Don’t be tempted to leave unopened packets of food. This will not deter mice and other rodents. If you’re leaving tinned goods, stand them on paper to avoid rust rings. Clean all surfaces and the cooker. Leave the cupboards open.


Take home anything of value such as a TV, DVD player or music system. Clean all surfaces in case of food spills or crumbs. Move all the sofa cushions away from exterior walls. Roll up any loose rugs and stand on end.


Before turning off the water supply, lift the lid on the toilet cistern, flush the toilet and as the cistern refills, add anti-freeze in roughly 3 of water and 1 of antifreeze proportions. Remove the shower hose and shower head as these could be damaged if any water left in them freezes.


Curtains encourage mildew during the winter

Consider removing curtains or nets to avoid mildew. If you do decide not to take them home, be aware that most sites recommend that curtains are left open. This may go against your instincts but it does make sense as it will prove there’s nothing worth breaking in for.
If your van has blinds, do not leave them down as this can damage the mechanism. Vacuum all the carpets and clean surfaces to remove any food crumbs.
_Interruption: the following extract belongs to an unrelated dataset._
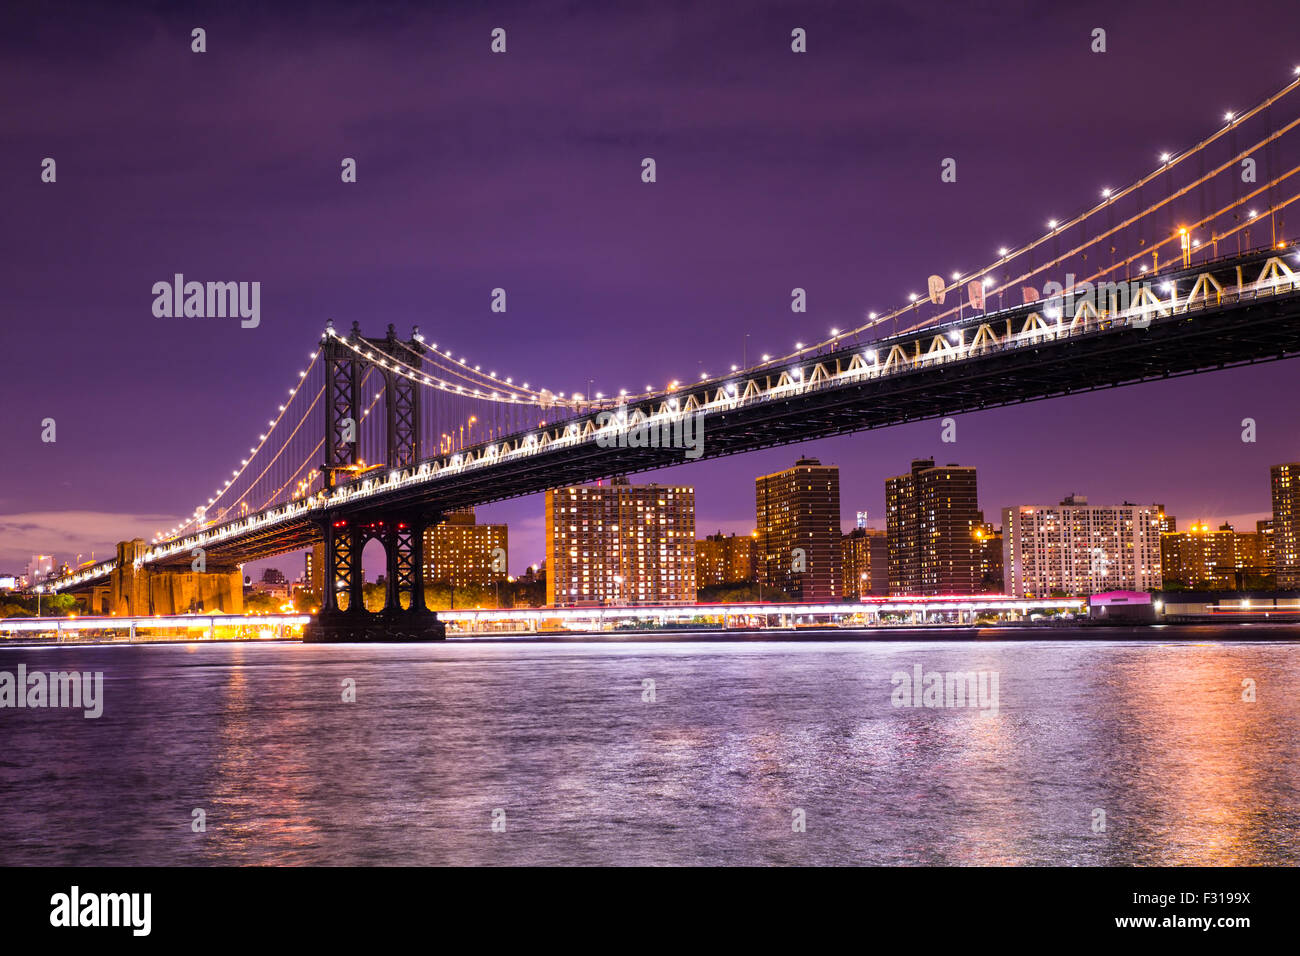 Vue nocturne de la pont de Manhattan à New York City Banque D'Images

Make sure all guttering and downpipes are in good order. Block up any gaps that insects or rodents could use to gain access to your caravan. Take a look at the roof, chassis and skylights to ensure there are no leaks or loose joints. Will the steps last another winter? If they are removable, then place inside the caravan. Many static caravans are still fitted with tyres even if the unit is on blocks. What’s their condition? Tyre manufacturers recommend that tyres, even if they haven’t been used, should be replaced after ten years as they deteriorate when exposed to sunlight and ozone. Clear any vegetation that might have grown close to or underneath the van to discourage wildlife.

Make sure any loose items such as chairs are stored safely away.

Additional winter checklist

Run through our handy check list and make sure you’ve done all you can to get your static caravan ready for the winter.

  • Turn off and disconnect the bottled gas supply and store the canister safely. It is important not to leave the gas connected. Some people light one of the gas rings and then disconnect the gas supply so that when the flame dies they can be certain there’s no gas left in the piping.
  • Disconnect the electricity. There should be a mains switch in one of the bedroom cupboards.
  • Shut off the water supply at the stop cock. If there’s no drain down pipe tap you should disconnect the pipe above the stop cock so that water in the pipes is free to drain down.
  • Find any drain down taps under the caravan and open them. These are generally under the kitchen and bathroom areas but your caravan handbook should provide the location.
  • Turn on all the taps, including the shower and leave them on.
  • Many sites offer a drain down service where they will blow the pipes clean with compressed air. This may be well worth considering and should be relatively inexpensive.
  • Once the water has finished flowing, put the plugs in all sinks and shower trays to prevent any wildlife from setting up home for the winter.
  • Check with the handbook to see how to drain the water heater. There should be a drain down valve on the water pipe.
  • Now the water is switched off, flush the toilet. This empties most of the water from the cistern and makes sure that any water left has been treated with the antifreeze.
  • Once most of the water has gone from the toilet, some people stuff newspaper into the S bend to prevent unwelcome visitors.
  • Close the toilet lid.
  • Pour a little antifreeze down each waste pipe so that any water left in the S bends will be treated.
  • Check that all the air vents are clear.
  • In each room place bags of silica gel or half full bowls of salt to dry the atmosphere.